5. Sample some Welsh Whisky, Gin, Wine or even Beer and Cider.
The Brecon Beacons is home to Wales only Whisky producer, Penderyn Distillery. One of the few remaining independent distilleries, Penderyn takes its name from the old Welsh village in which it is located and nestles in the foothills of the ancient Brecon Beacons mountain range. Enjoy a distillery tour and take a journey through the history of single malt whisky-making in Wales, and explore the distilling process at first hand.Take a bottle away with you from the gift shop!
6. Indulge in some of the finest Welsh food
You can dine extremely well in our market towns, villages and rural areas. There are places to suit every mood, from down-to-earth and family-friendly to Michelin Star Restaurants. Or why not try luxury, award winning smoked salmon from Black Mountain Smokery? All their smoked foods are traditionally cured and smoked right here in the Brecon Beacons in the town of Crickhowell . Find places to eat here.
7. Go on a Guided Tour
A walk in the Brecon Beacons National Park comes complete with perfect picnic spots, awe-inspiring views, fascinating historic sites and grand geological features. To make the most out of your walks, why go alone when you can go with an expert guide, who can teach you everything you need to know about your surroundings. Click here to find out what guided walks you can be involved in.

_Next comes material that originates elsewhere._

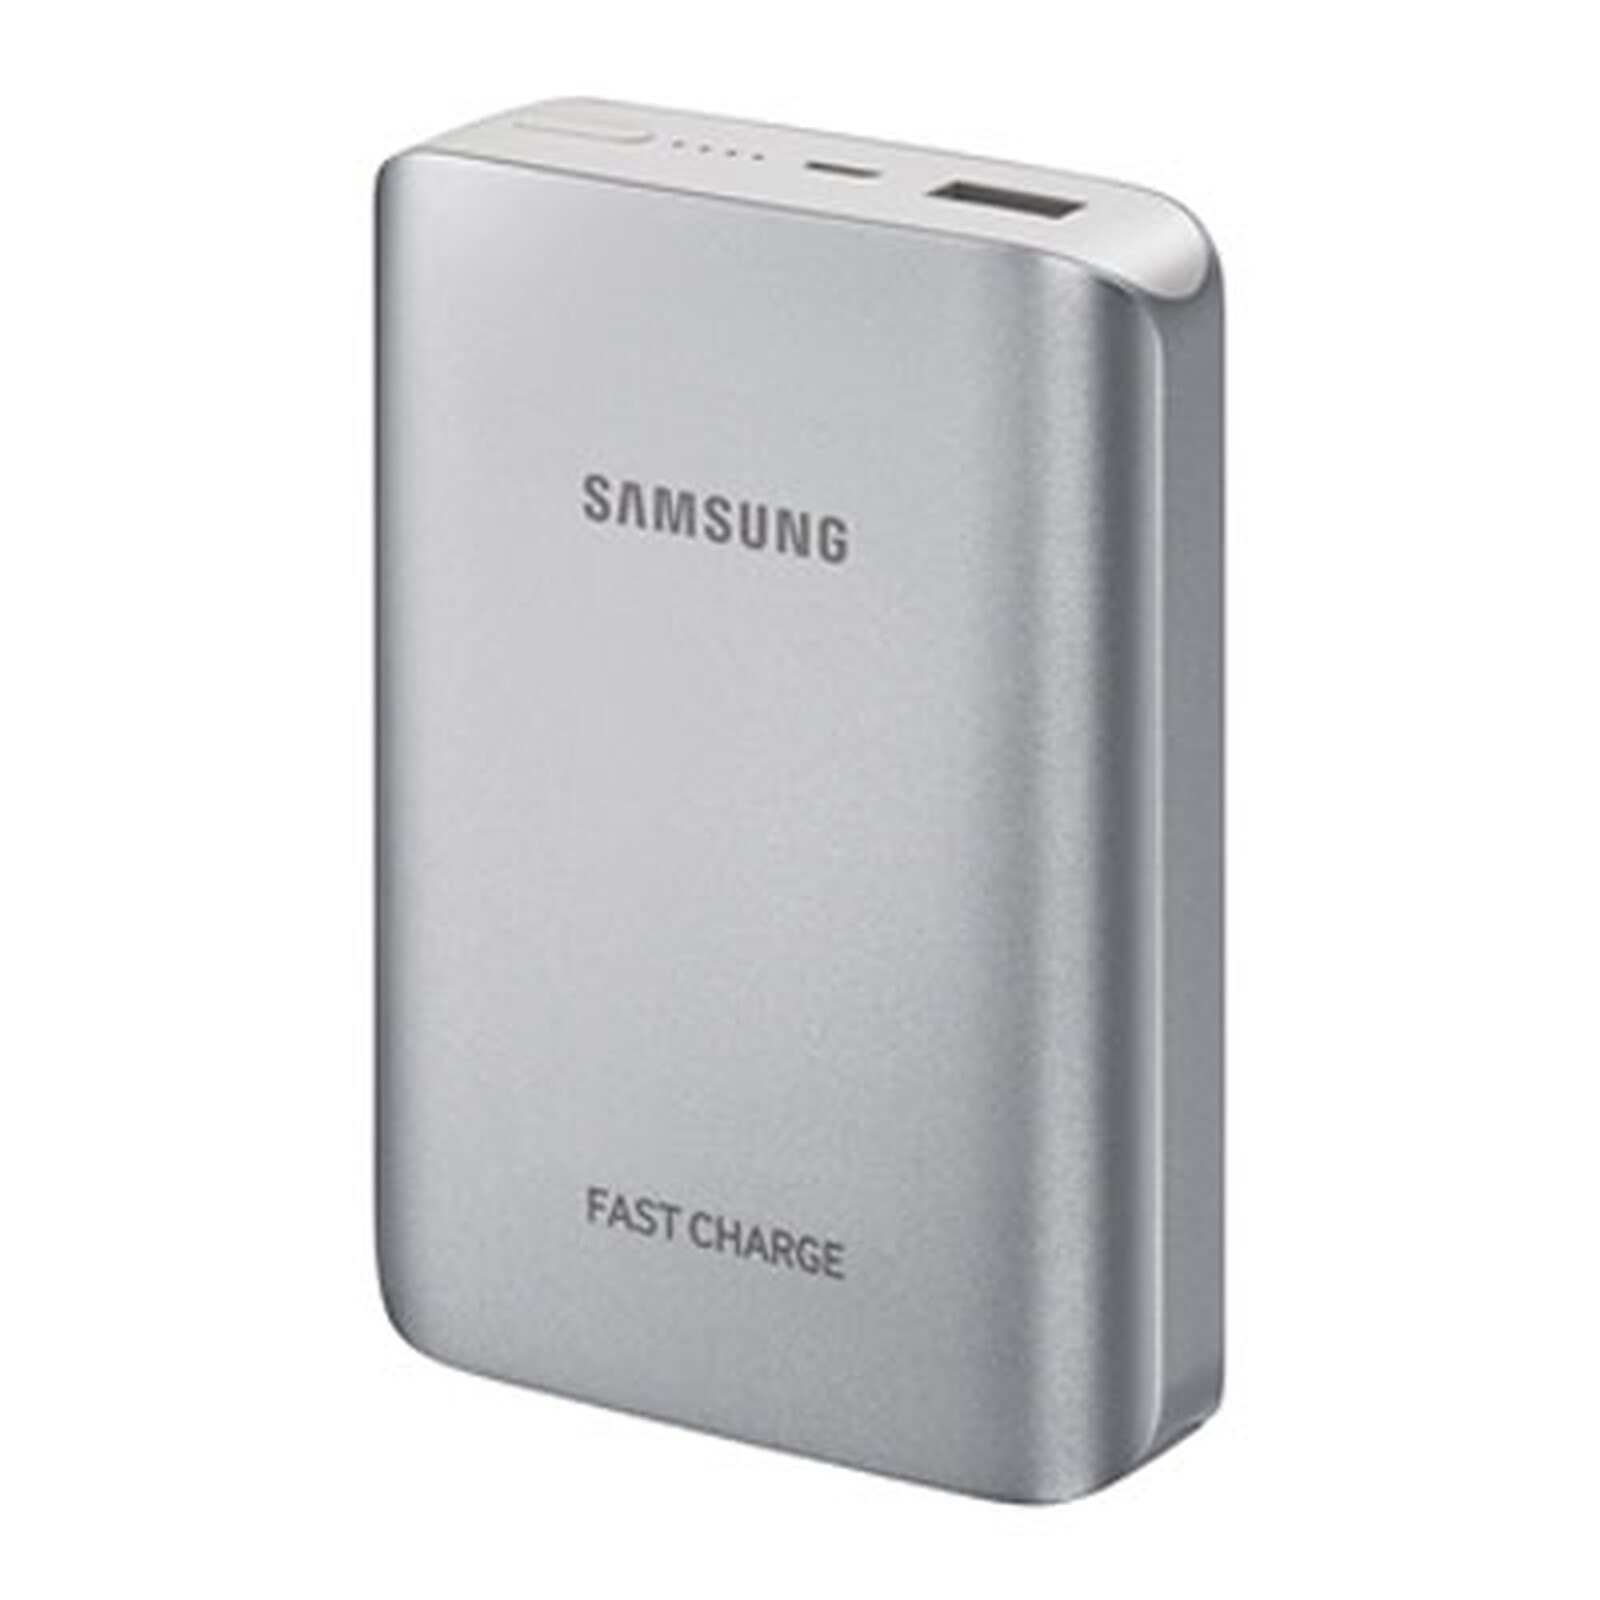 Samsung PowerBank Fast Charge Argent - Batterie externe - LDLC

Visit the Red Kite Feeding Station, west of the Brecon Beacons National Park in Llandeusant, it’s one of the most beautiful (and quietest) parts of the National Park. Usually, 50 plus kites gather for daily feedings, which you can view from hides (again, with good disabled access). It’s a perfectly wild day out. Or if you fancy flying hawks, owls, falcons and eagles then Wings of Wales can offer this epic experience! Visit them at Craig y Nos country park where you can walk around the beautiful grounds with the majestic birds flying to your glove.
9. Spend a day on the Monmouthshire and Brecon Canal
If you prefer smooth water to rushing rapids, you’ll love our canal. Once an important transport route, it’s now a lovely place for lazy strolling and boating. Peaceful and rural, with a flavour of times gone by, it’s often voted Britain’s prettiest canal. It passes through a generous swathe of the Brecon Beacons National Park, with appealing towns and villages to visit on the way. Here our are top 5 memorable stops along the way.

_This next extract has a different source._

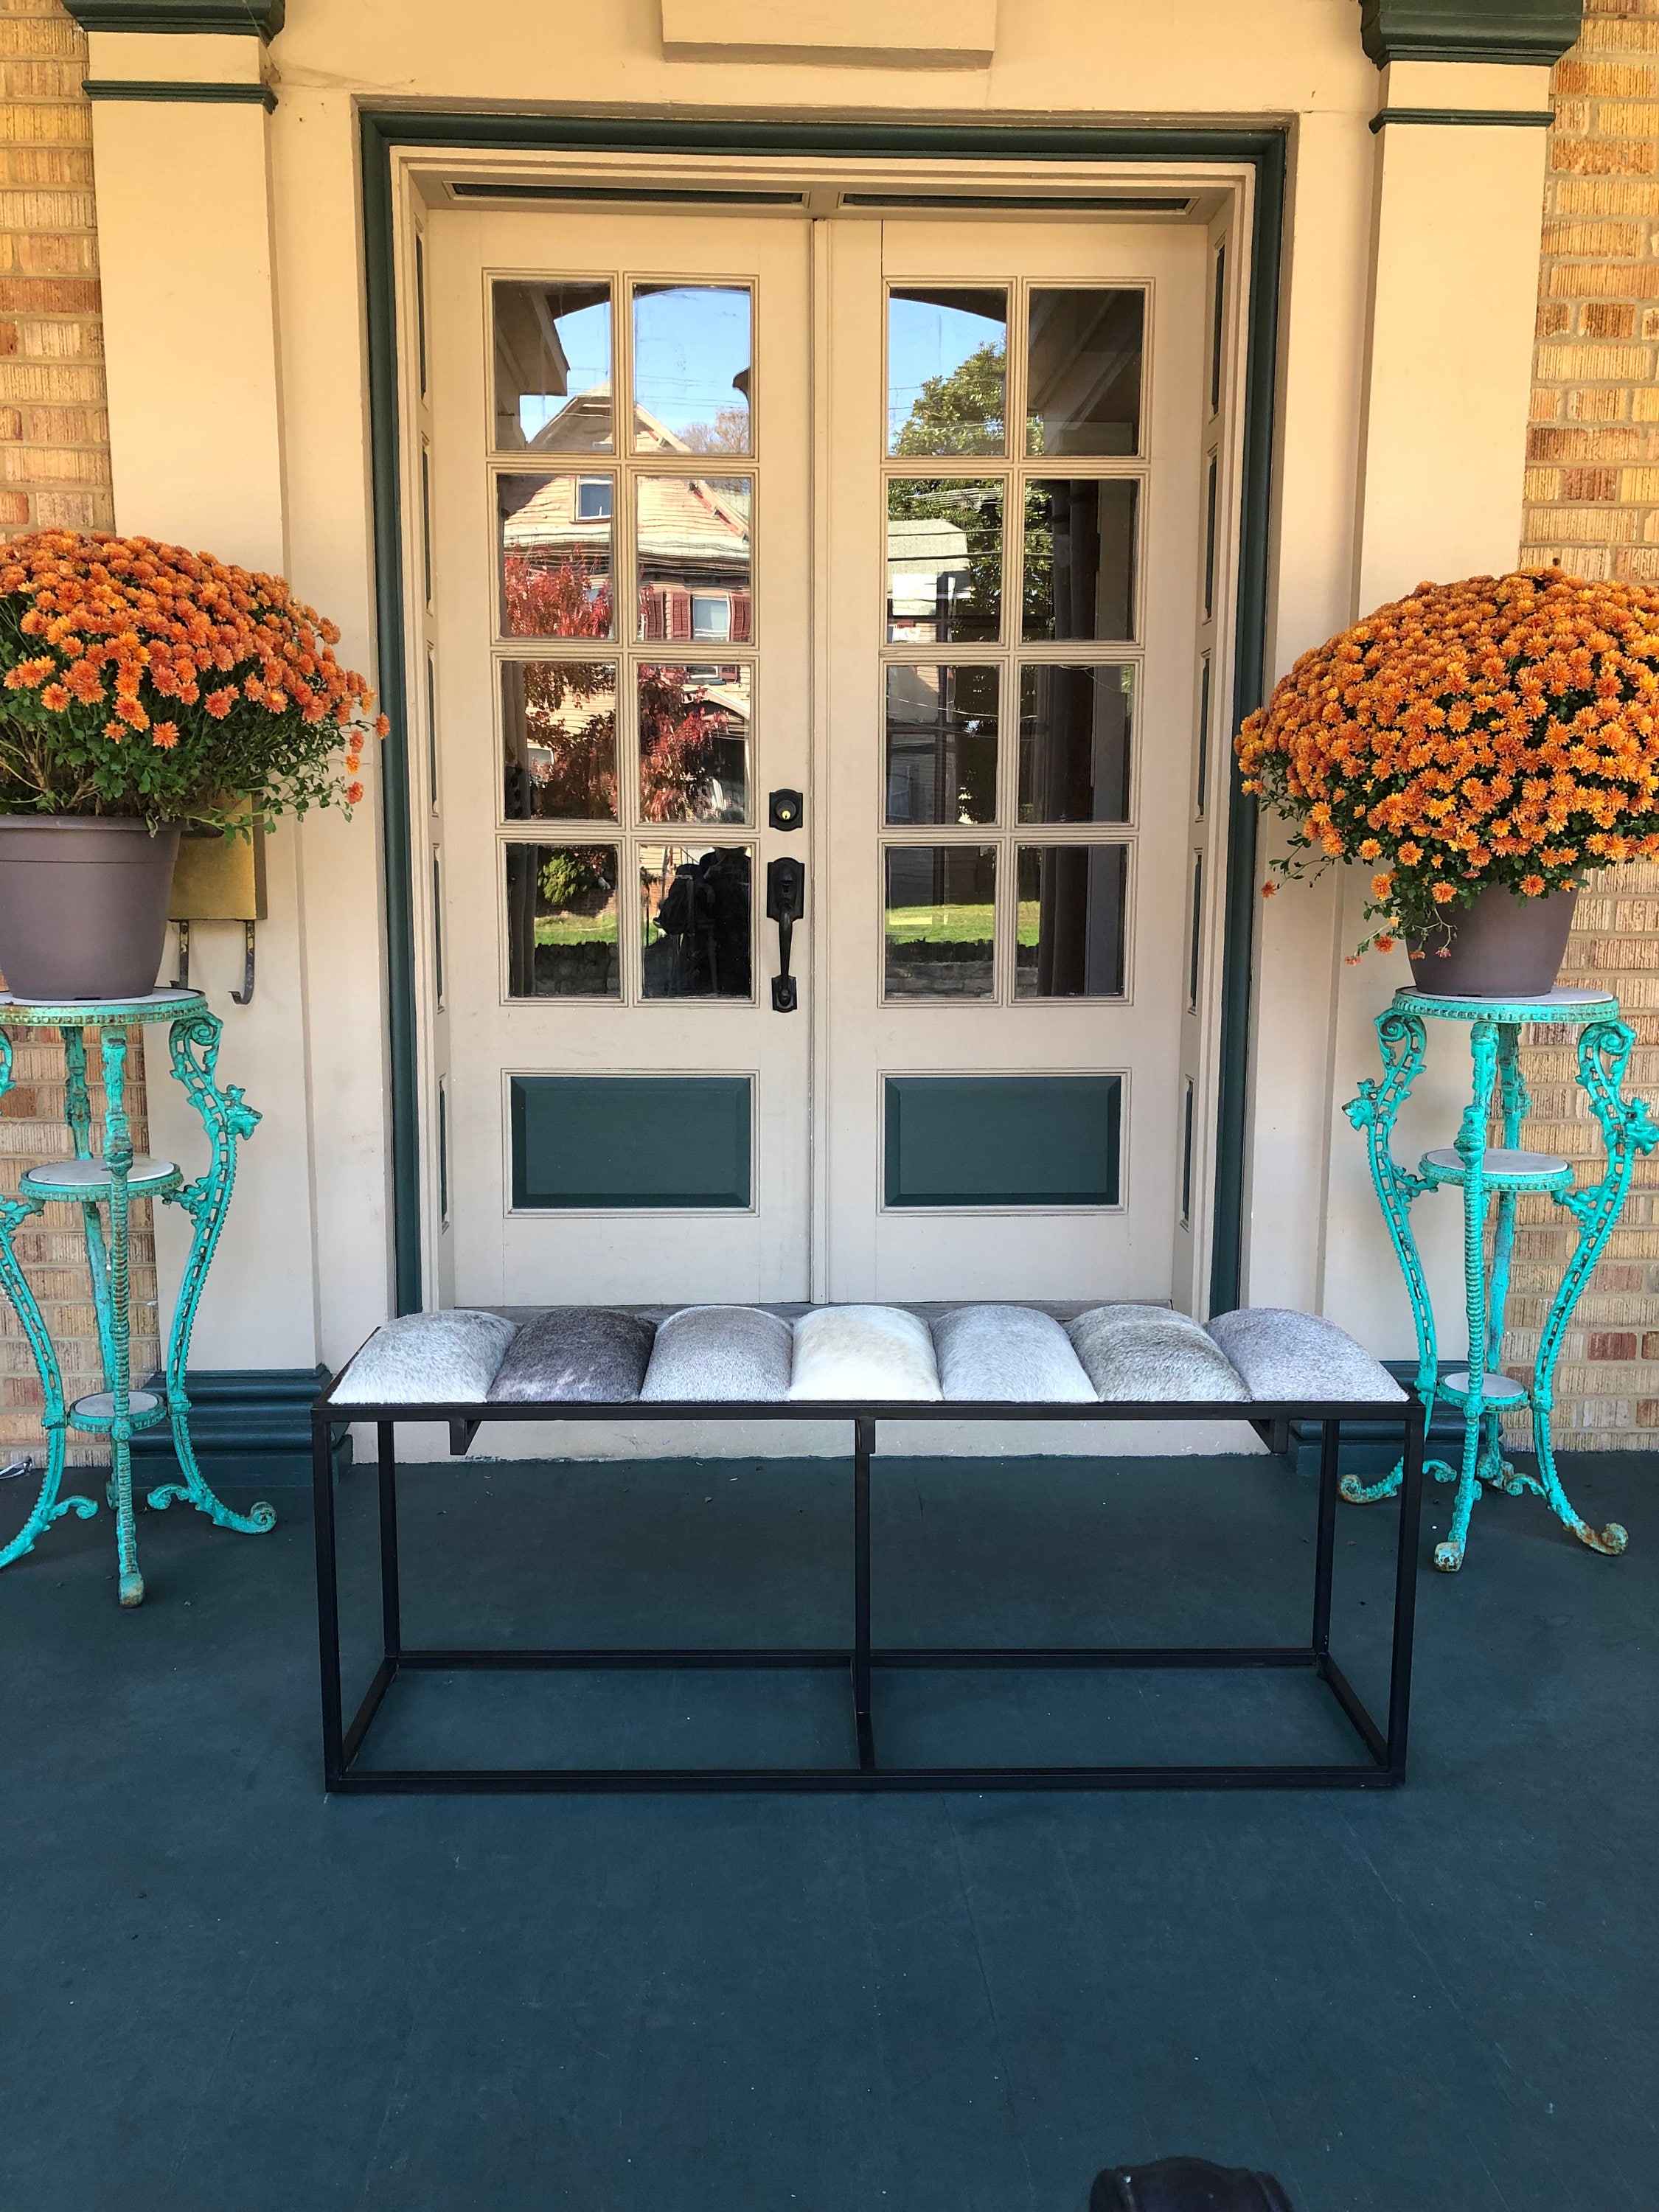 Easy DIY bench cushion with removable cover - Hydrangea Treehouse

10. Visit the Fforest Fawr Geopark
This unique region is a cracked and crumpled layer-cake of rocks, 480 million years in the making. Its landscapes were sculpted by ice then transformed by man, and it was a witness to the birth of the Industrial Revolution. It contains important habitats for rare plants, birds, insects and lichens. Accepted into the European Geopark Network in 2005 as Wales’ first geopark, it takes its name from the Fforest Fawr uplands which lie within the Geopark. More here.
11. Visit our Breathtaking Castles
As our National Park is situated close to the border between Wales and England, many a territorial struggle has taken place on our doorstep. Magnificent ruins such as those at Brecon, Crickhowell, Llandovery and Tretower bear witness to a turbulent past, while grand mansions such as Cyfarthfa Castle, Newton House at Dinefwr and Tretower Court remind us that castles were once mighty symbols of power and wealth. Visit our most romantic Carreg Cennen-originally a medieval hill fort- it was a favourite of painter JMW Turner. more information about all the Castles in the Brecon Beacons can be found here.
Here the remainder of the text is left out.